__Goal of the exercise__: Without including any images, please transcribe all the lines below exactly.

__Supplied data__:
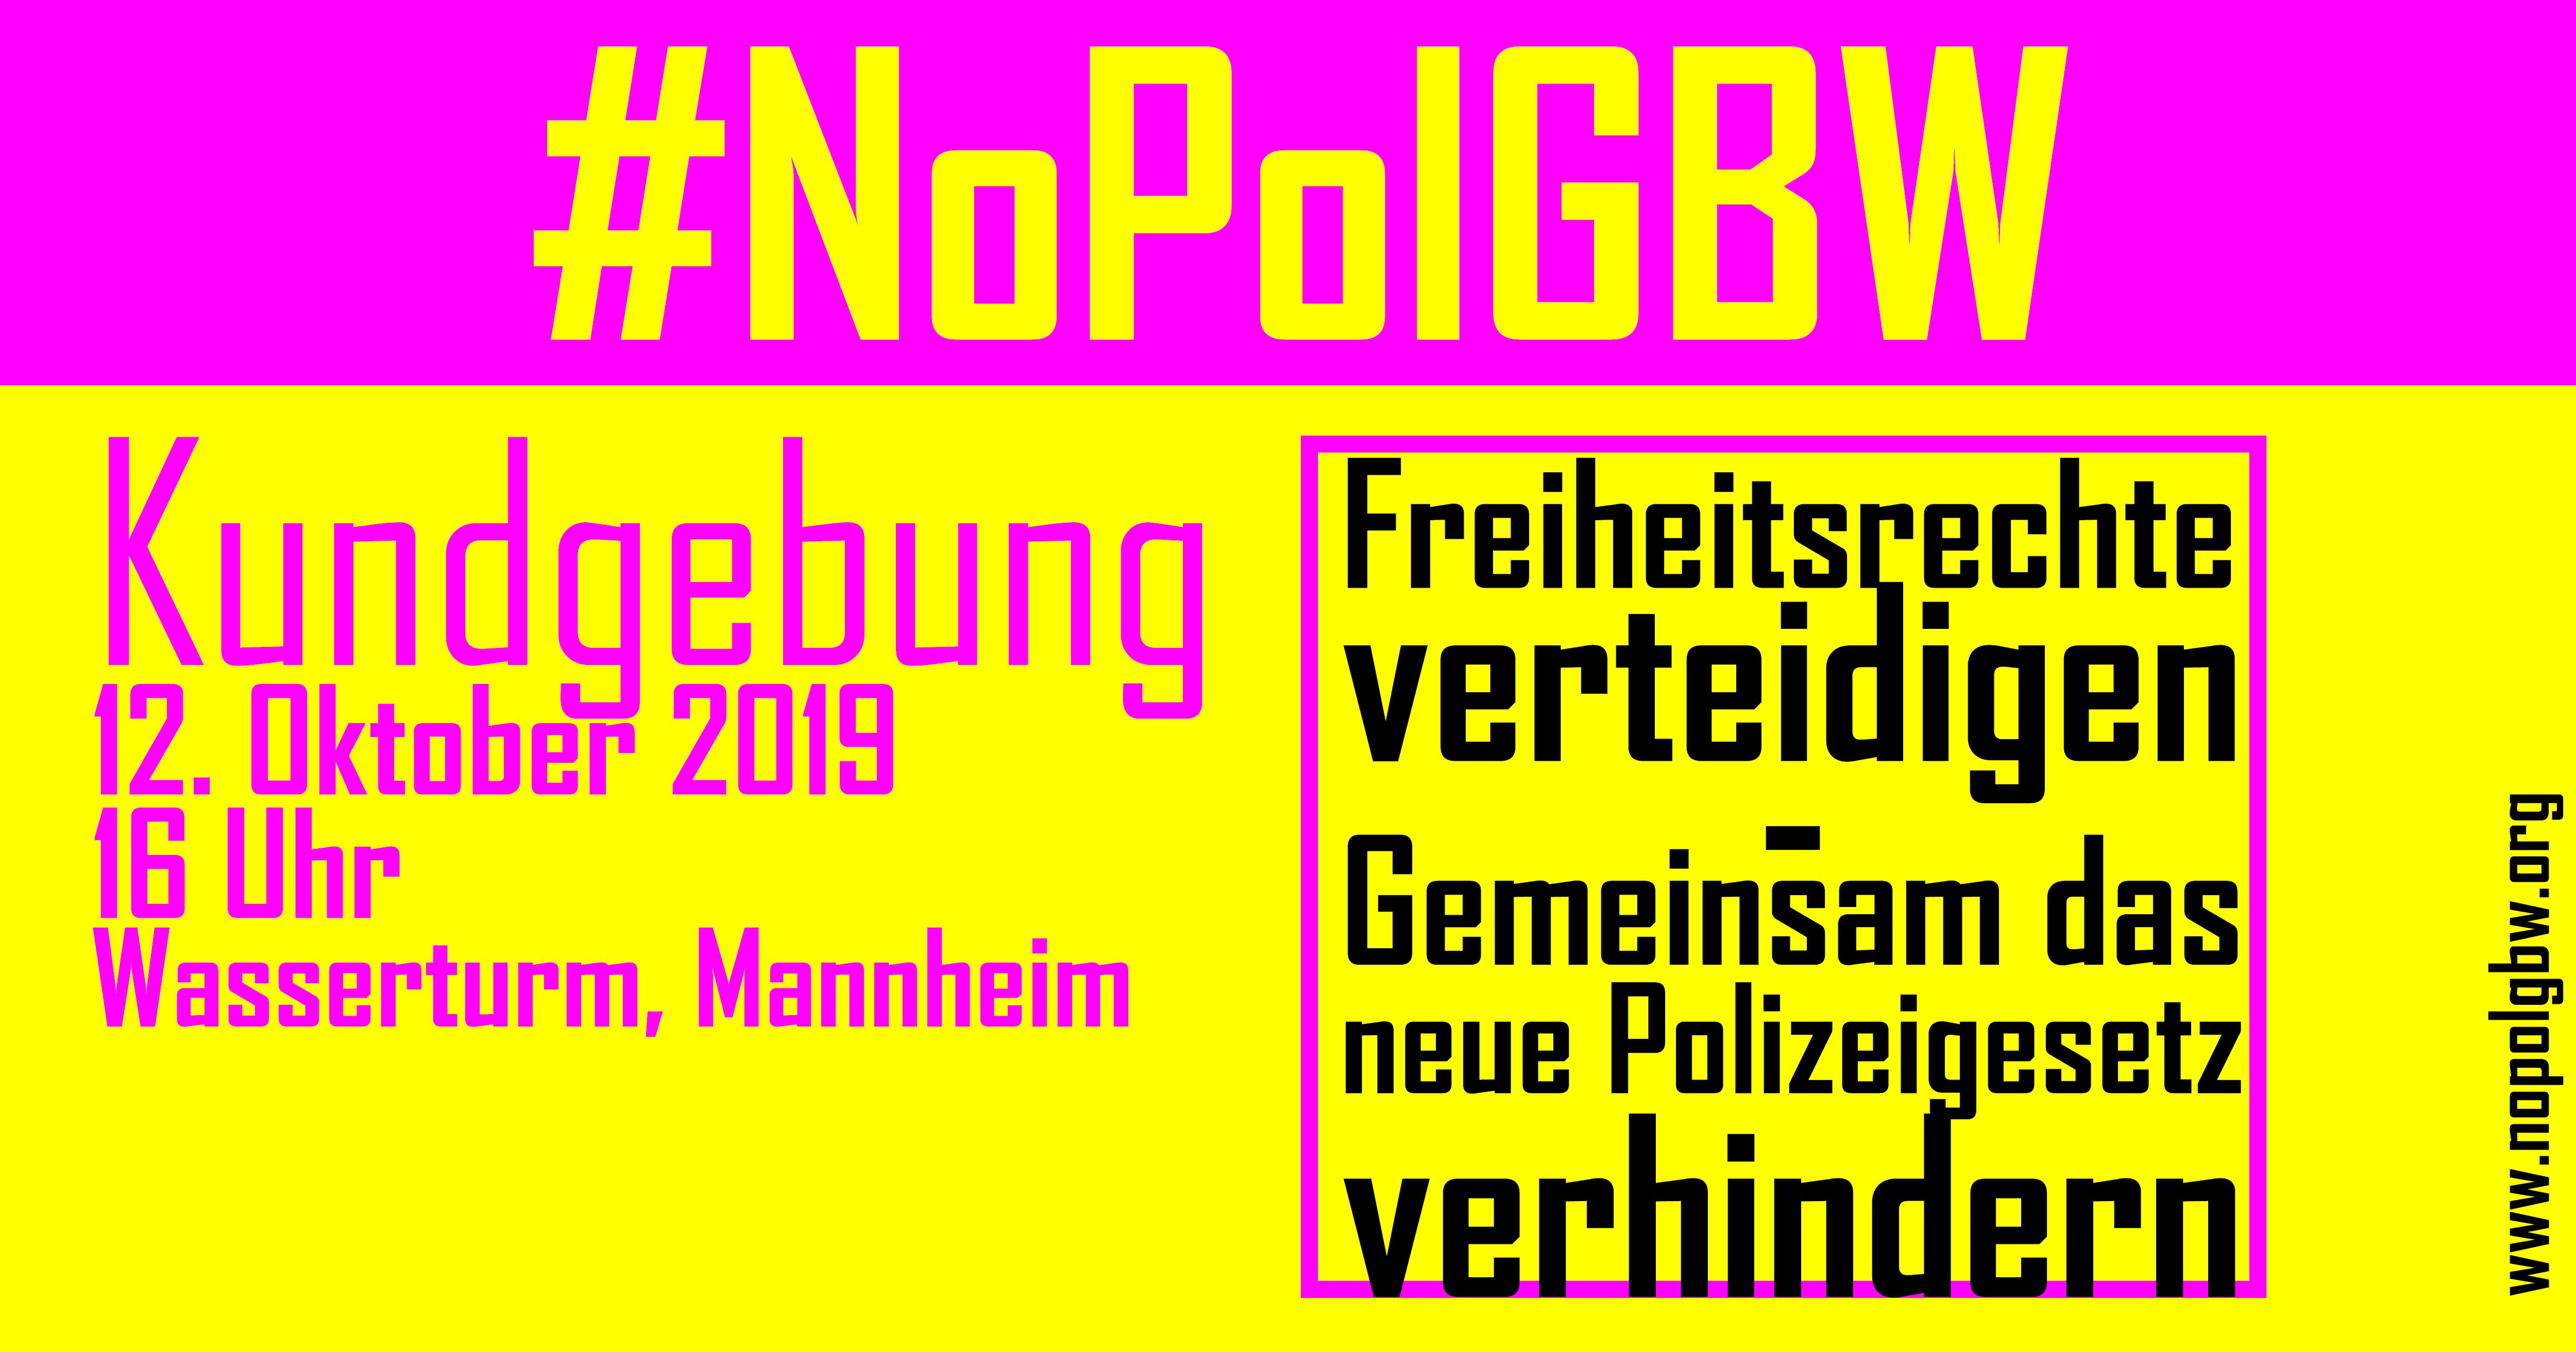 nopolgBW Kundgebung Mannheim
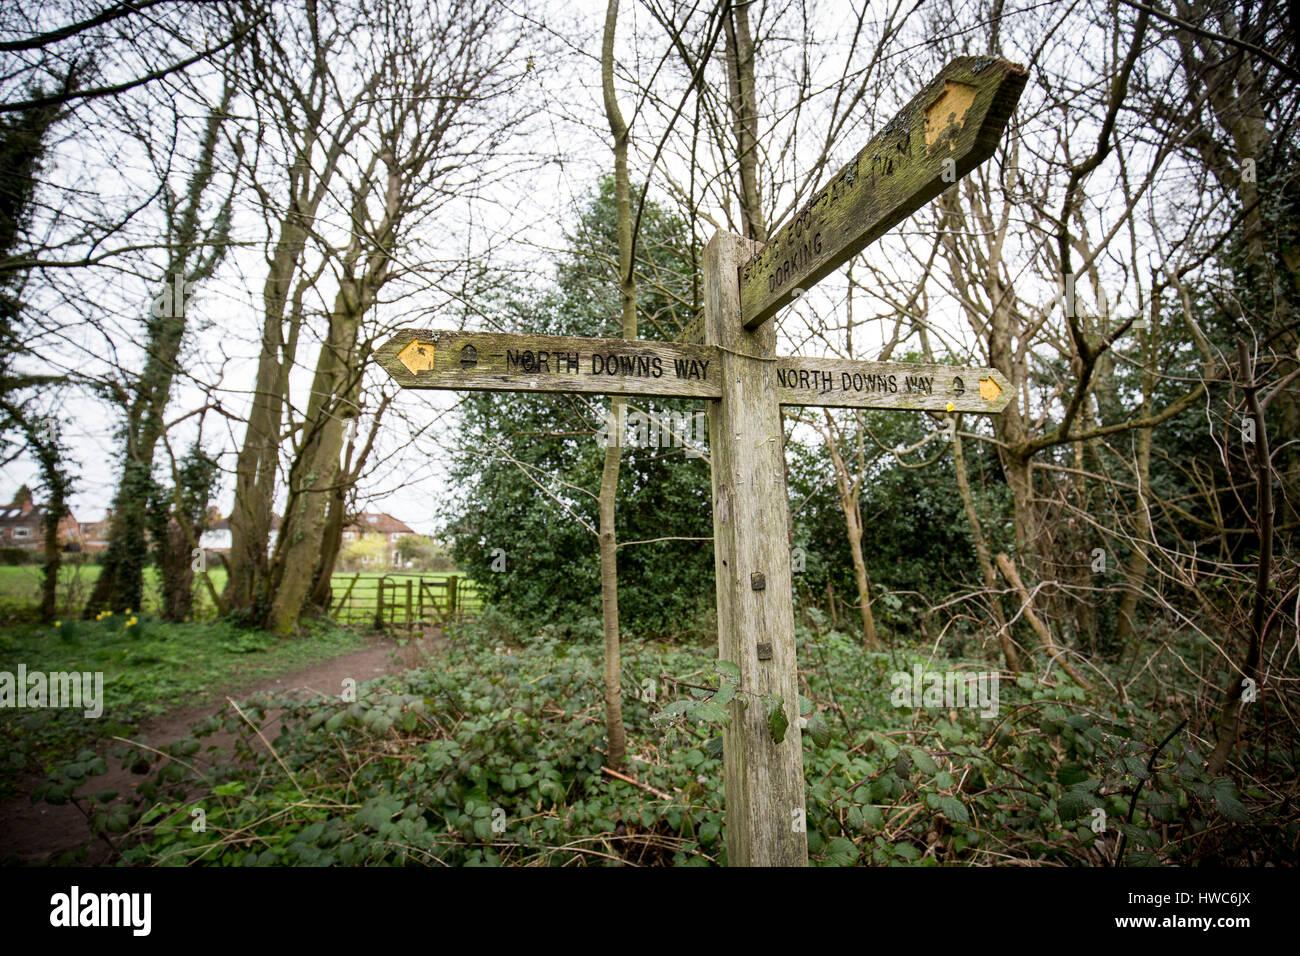 Wanderweg Zeichen auf der North Downs Way in der Nähe von Dorking, Surrey, UK Stockbild
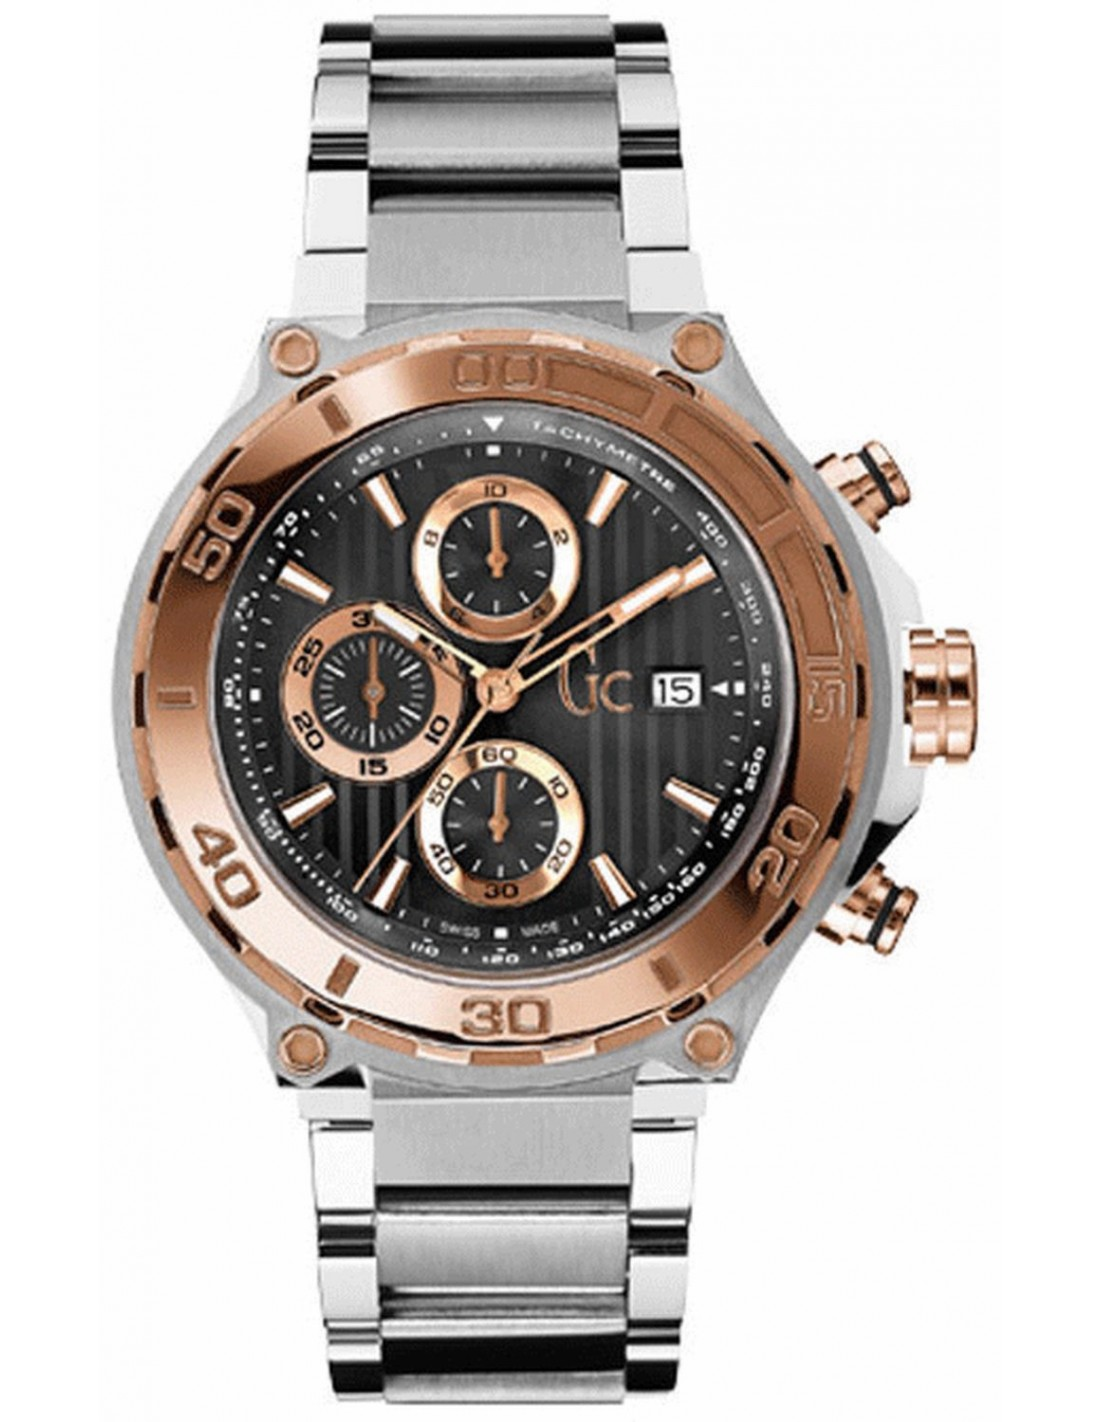 código promocional amplia selección de colores a un precio razonable Reloj Guess Collection X56008G2S | relojes clasicos para hombre | Carex  Joyeros

__Solution below__:
 nopolgBW Kundgebung Mannheim
 Wanderweg Zeichen auf der North Downs Way in der Nähe von Dorking, Surrey, UK Stockbild
 código promocional amplia selección de colores a un precio razonable Reloj Guess Collection X56008G2S | relojes clasicos para hombre | Carex  Joyeros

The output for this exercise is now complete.